Re: [Vo]:Mats Lewan book : An Impossible Invention

2014-04-08 Thread Daniel Rocha
See, you cannot prove this. Either way, you are empty handed.


2014-04-09 0:13 GMT-03:00 Jed Rothwell jedrothw...@gmail.com:

  but some of them have told me a little.



-- 
Daniel Rocha - RJ
danieldi...@gmail.com


Re: [Vo]:Mats Lewan book : An Impossible Invention

2014-04-08 Thread Jed Rothwell
Daniel Rocha danieldi...@gmail.com wrote:


 See, you cannot prove this. Either way, you are empty handed.


 2014-04-09 0:13 GMT-03:00 Jed Rothwell jedrothw...@gmail.com:

  but some of them have told me a little.

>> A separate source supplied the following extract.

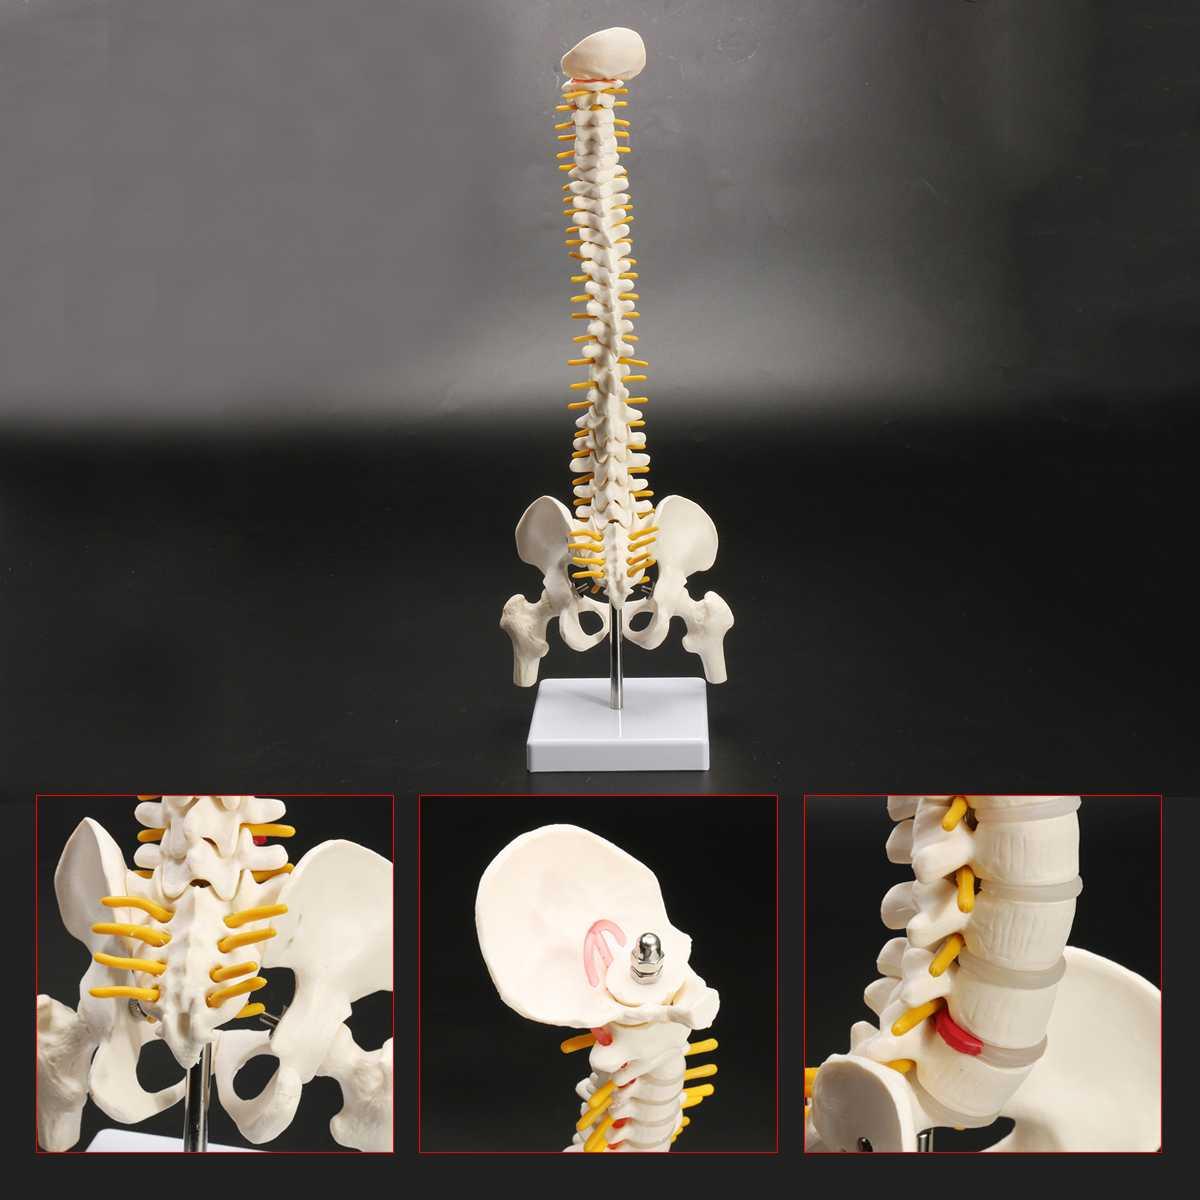 45 CM Colonne Vertébrale Humaine avec Pelvienne Modèle Anatomique Humain Anatomie Colonne Vertébrale Modèle Médical colonne vertébrale modèle + Stand Fexible

They told me it was a bunch of crap. It was meaningless, and the trip was a
waste of time. That is only a little, but what more did they need to say?

You saw the video. You probably saw Hadjichristos' message saying the flow
rate was not measured properly. So you have it from the man himself that
the demonstration was useless. Again, if you do not believe him, and you
don't believe me, who do you believe? What on earth makes you think these
people are competent? They have done nothing, shown nothing, and published
nothing.

- Jed


Re: [Vo]:Mats Lewan book : An Impossible Invention

2014-04-08 Thread Daniel Rocha
This is pure lie. As for evidence, I take judgment from Mats Lewan, which I
saw  That's a COP20. Rossi could never show anything that's more than
COP4 and that's feels like making a stone.

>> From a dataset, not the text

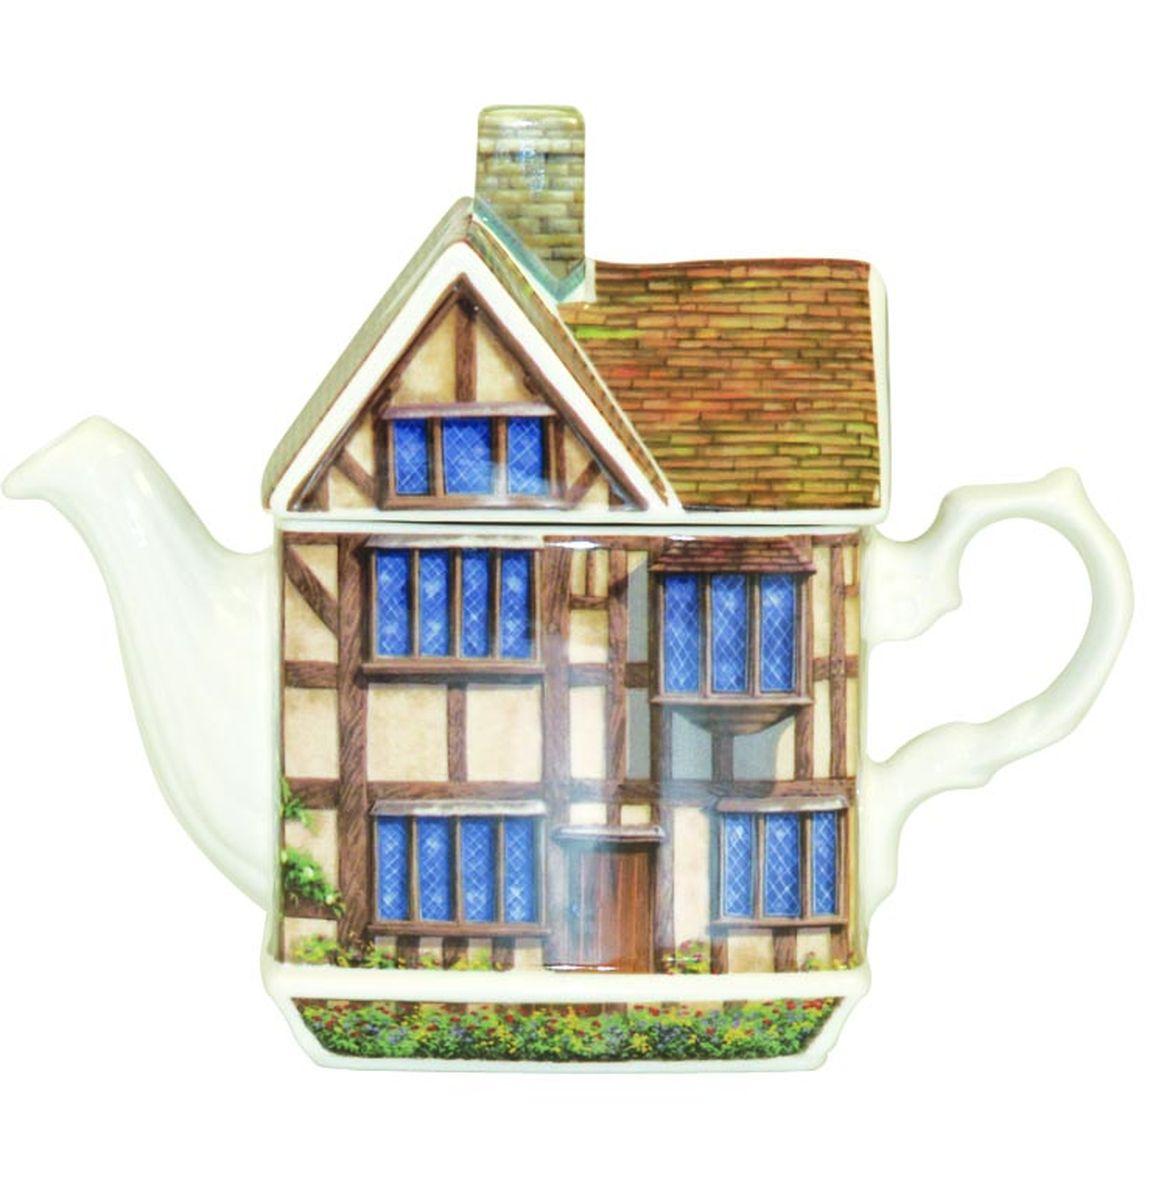 Чайник заварочный Churchill Чайный домик Шекспира, 500 мл. TREN00021TREN00021Джеймс Садлер Джеймс Садлер был основан в 1882 году в Сток-он-Трент, в самом центре фаянсовой промышленности. Данная коллекция наполнена британским наследием, идеальная коллекция для туристов. Коллекция наполнена достопримечательностями Великобритании. Внимание: посуда с позолоченным орнаментом запрещена для использования в микроволновой печи, т.к. металлическая позолота может привести к искрообразованию в камере микроволновой печи.

ELFORSK? Was it peer reviewed? Was it reproduced? Pretty much as much as
Defkalion's, at least, what was publicly shown.


2014-04-09 0:13 GMT-03:00 Jed Rothwell jedrothw...@gmail.com:

 hey have never published a technical paper, just a lot public relations
 blather.




-- 
Daniel Rocha - RJ
danieldi...@gmail.com


Re: [Vo]:Mats Lewan book : An Impossible Invention

2014-04-08 Thread Daniel Rocha
They, who? Thor? Zeus? The Holy Smokes?

Useless, no! He was being humble. It was useless since he underestimated
the COP. The actual was over 20. Unlike Rossi, who has to make a ruckus to
have anything above COP 2!

2014-04-09 0:20 GMT-03:00 Jed Rothwell jedrothw...@gmail.com:

 They told me it was a bunch of crap.

 - Jed




-- 
Daniel Rocha - RJ
danieldi...@gmail.com


Re: [Vo]:Mats Lewan book : An Impossible Invention

2014-04-08 Thread Jed Rothwell
Daniel Rocha danieldi...@gmail.com wrote:

This is pure lie. As for evidence, I take judgment from Mats Lewan, which I
 saw  That's a COP20.


Hadjichristos said the flow rate was not measured properly. There is no
telling what it was, or whether there was excess heat. Experts who went
there for weeks saw NOTHING.

- Jed


Re: [Vo]:Mats Lewan book : An Impossible Invention

2014-04-08 Thread Daniel Rocha
Yes. He downlplayed the COP, it was actually higher.

The experts doesn't exist. It's your imagination.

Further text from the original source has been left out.